1. Time Limit for Production of F Forms Directory Not Mandatory

Section 6A(1) and Rule 12(7) indicates that the period of three months for production of statutory form can be extended and therefore it is not a mandatory provision making it obligatory upon the assessee to file the requisite forms within stipulated period of three months. Forms can be filed even after the expiry of period of three months. Further, application for extension of time for production of forms can be made even after expiry of three months. Declaration forms can be filed at any stage of proceedings which has to be considered by the authorities normally either by the Assessing Authority or by the Appellate Authority as the case may be.

(Source: Sony India Pvt. Ltd. v. State of UP & Others, Writ Tax No. 896 of 2015, dated 18th November, 2015, 2016 NTN (Vol. 61)-93(All).

2. Attachment of Property of Wife of Karta of HUF to Recover Dues of HUF Not Legal

The property of the individual member of HUF could not be attached to recover dues of HUF u/s. 45 of The Gujarat VAT Act.

[Source: State of Gujarat v. Jwelly Tea Co., Tax Appeal No. 751 of 2015, dated 16th October 2015, 2016 NTN (Vol. 61) -118 (Guj.)].

3. Sale Price – Anti Dumping Duty Paid by Purchaser for Import of Components by Seller Forms Part of Sale Price of the Manufactured Goods

The antidumping duty actually became leviable from time of export of the goods from China into India, but was not collected due to the protective cover given by the SEZ Act, The moment goods went out of the cover, the duty automatically get attracted to the goods and hence it is
included in the sale price for the purpose of levy of vat.

[Source: Flextronics Technologies (India) Pvt. Ltd. v. State of Tamil Nadu, TCR No. 35 of 2014, dated 18th April, 2016, 2016-17 (22) TNCTJ 91 (Mad.)].

4. Sale – Replacement of Defective Compressor by Another One at a Differential Price is a Sale

The replacement of defective compressor by another compressor for a differential price, amounts to a sale and liable to vat. It is not a works contract but sale simpliciter.

(Source: M/s. Emerson Climate Technologies (I) Ltd. v. ACCT. Case No RN 818 of 2011, dated 7th September, 2015, (2016) 67 STA 311(WBTT)).

5. Entry Tax – Constitutional Validity

By majority the Supreme Court answers the reference in the following terms:

1. Taxes simpliciter are not within the contemplation of Part XIII of the Constitution of India.

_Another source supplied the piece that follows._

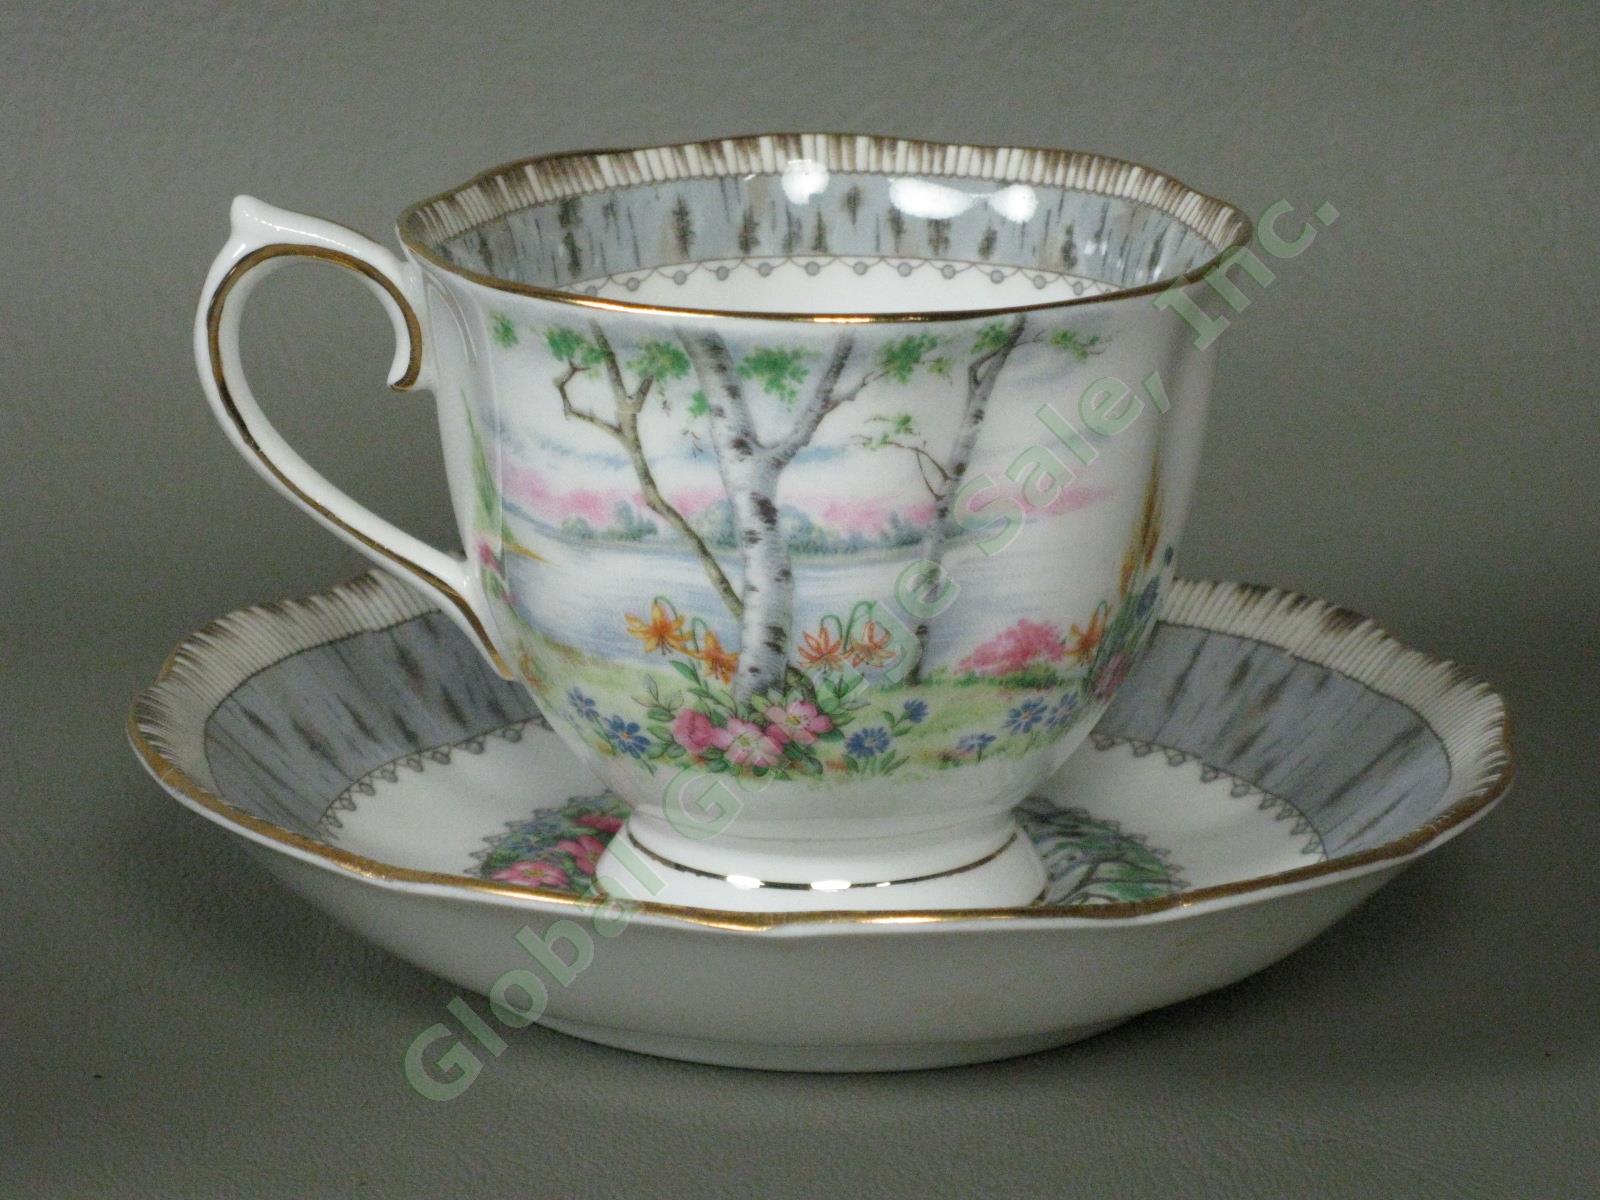 8 Vintage Royal Albert Silver Birch Bone China Teacups Tea Cups + Saucers Set NR 3

The word ‘Free’ used in Article 301 does not mean “free from taxation”.

2. Only such taxes as are discriminatory in nature are prohibited by Article 304(a). It follows that levy of a non-discriminatory tax would not constitute an infraction of Article 301.

3. Clauses (a) and (b) of Article 304 have to be read disjunctively.

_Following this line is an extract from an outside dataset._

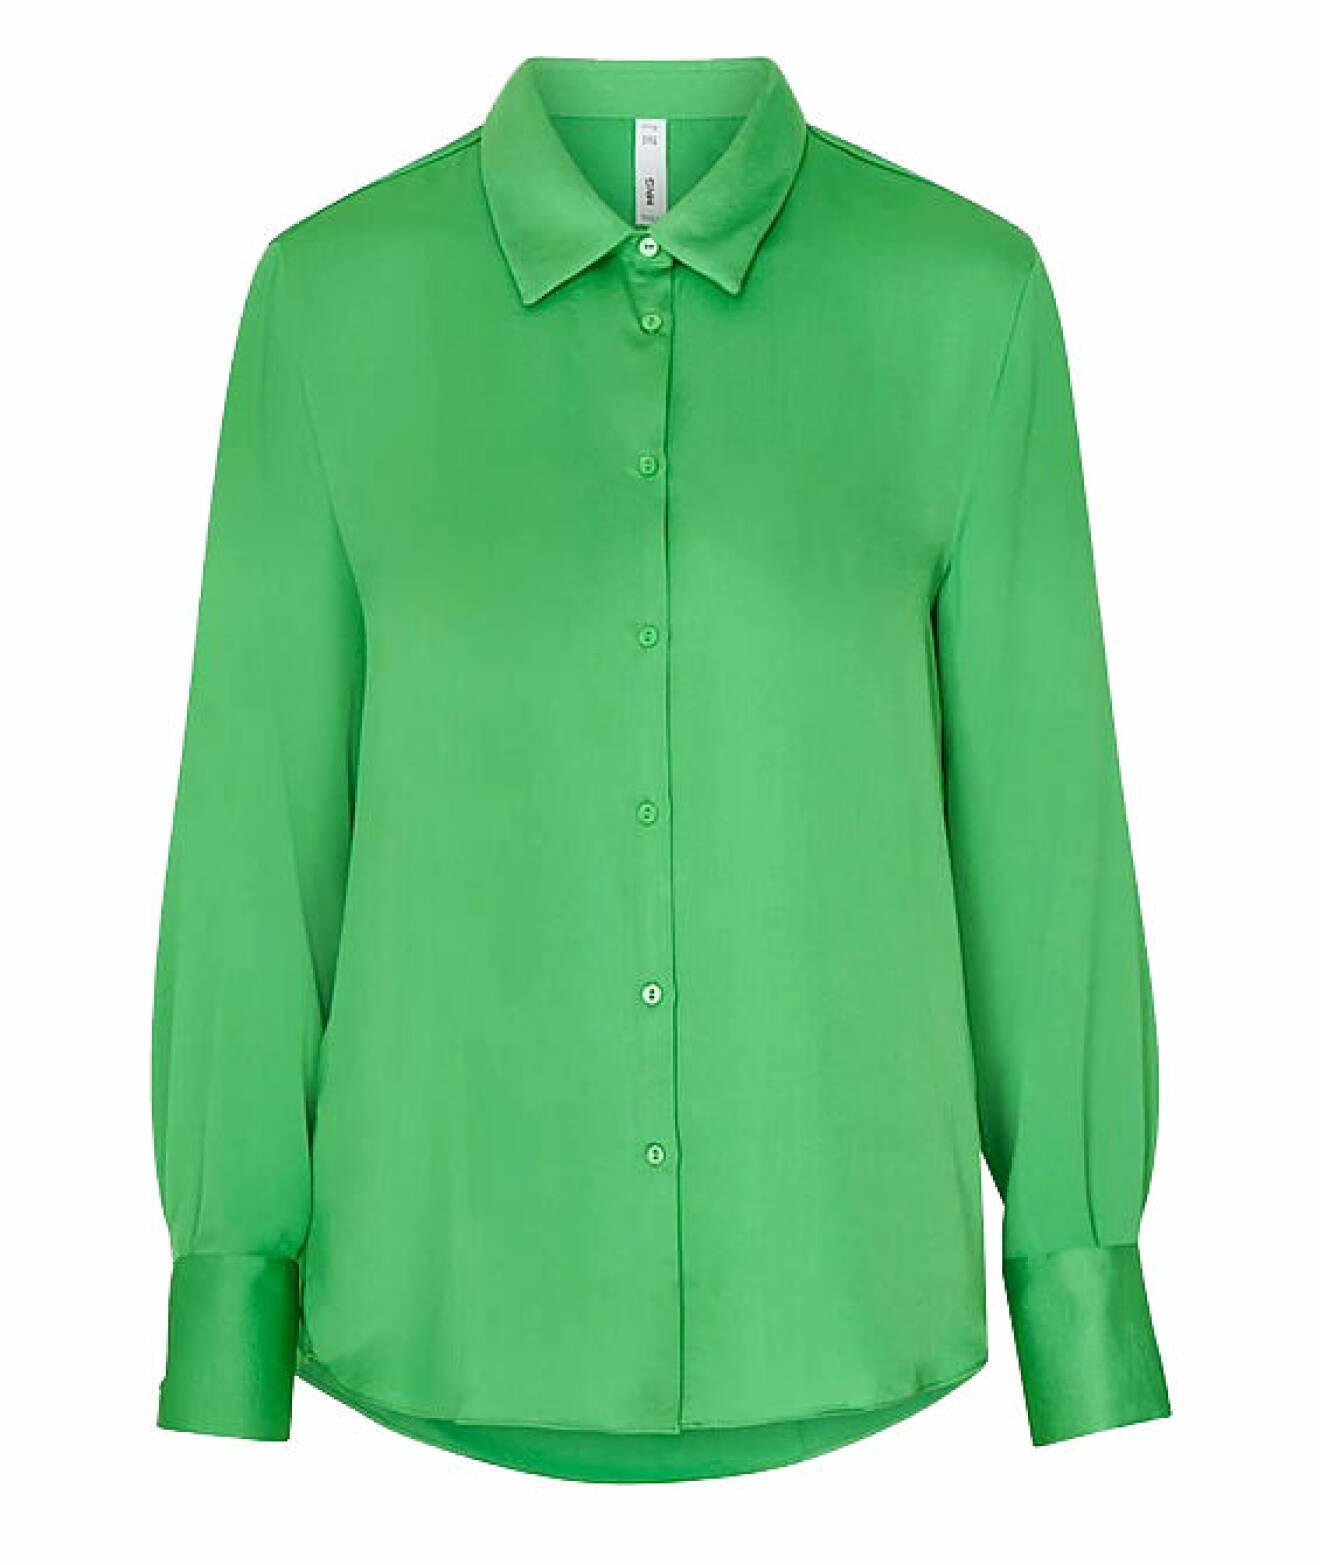 grön skjorta dam

4. A levy that violates 304(a) cannot be saved even if the procedure under Article 304(b) or the proviso thereunder is satisfied.

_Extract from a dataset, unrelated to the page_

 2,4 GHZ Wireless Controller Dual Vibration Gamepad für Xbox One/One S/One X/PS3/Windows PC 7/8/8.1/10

5. The compensatory tax theory evolved in Automobile Transport case and subsequently modified in Jindal’s case has no juristic basis and is therefore rejected.

6. Decisions of this Court in Atiabari, Automobile Transport and Jindal cases (supra) and all other judgments that follow these pronouncements are to the extent of such reliance overruled.

7. A tax on entry of goods into a local area for use, sale or consumption therein is permissible although similar goods are not produced within the taxing State.

8. Article 304 (a) frowns upon discrimination (of a hostile nature in the protectionist sense) and not on mere differentiation. Therefore, incentives, set-offs etc. granted to a specified class of dealers for a limited period of time in a non-hostile fashion with a view to developing economically backward areas would not violate Article 304(a). The question whether the levies in the present case indeed satisfy this test is left to be determined by the regular benches hearing the matters.

9. States are well within their right to design their fiscal legislations to ensure that the tax burden on goods imported from other States and goods produced within the State fall equally. Such measures if taken would not contravene Article 304(a) of the Constitution. The question whether the levies in the present case indeed satisfy this test is left to be determined by the regular benches hearing the matters.

10. The questions whether the entire State can be notified as a local area and whether entry tax can be levied on goods entering the landmass of India from another country are left open to be determined appropriate proceedings.

[Source: M/s. Jindal Stainless Ltd.& Anr. v. State of Haryana & Ors., Civil Appeal No.3453/2002, dated 11th November, 2016 SC)].

6. Rule for levy of luxury tax on which Vat Is charged – Ultra vires

The Delhi High Court has quashed Rule 3 of the Delhi Luxury Tax Rules which provided for levy of luxury tax on 60% of the bill amount charged by Banquet Halls as ultra vires the Act as VAT is charged on the consolidated amount. Henceforth, Luxury Tax on banquets is no longer leviable where VAT is paid on the entire consolidated charges.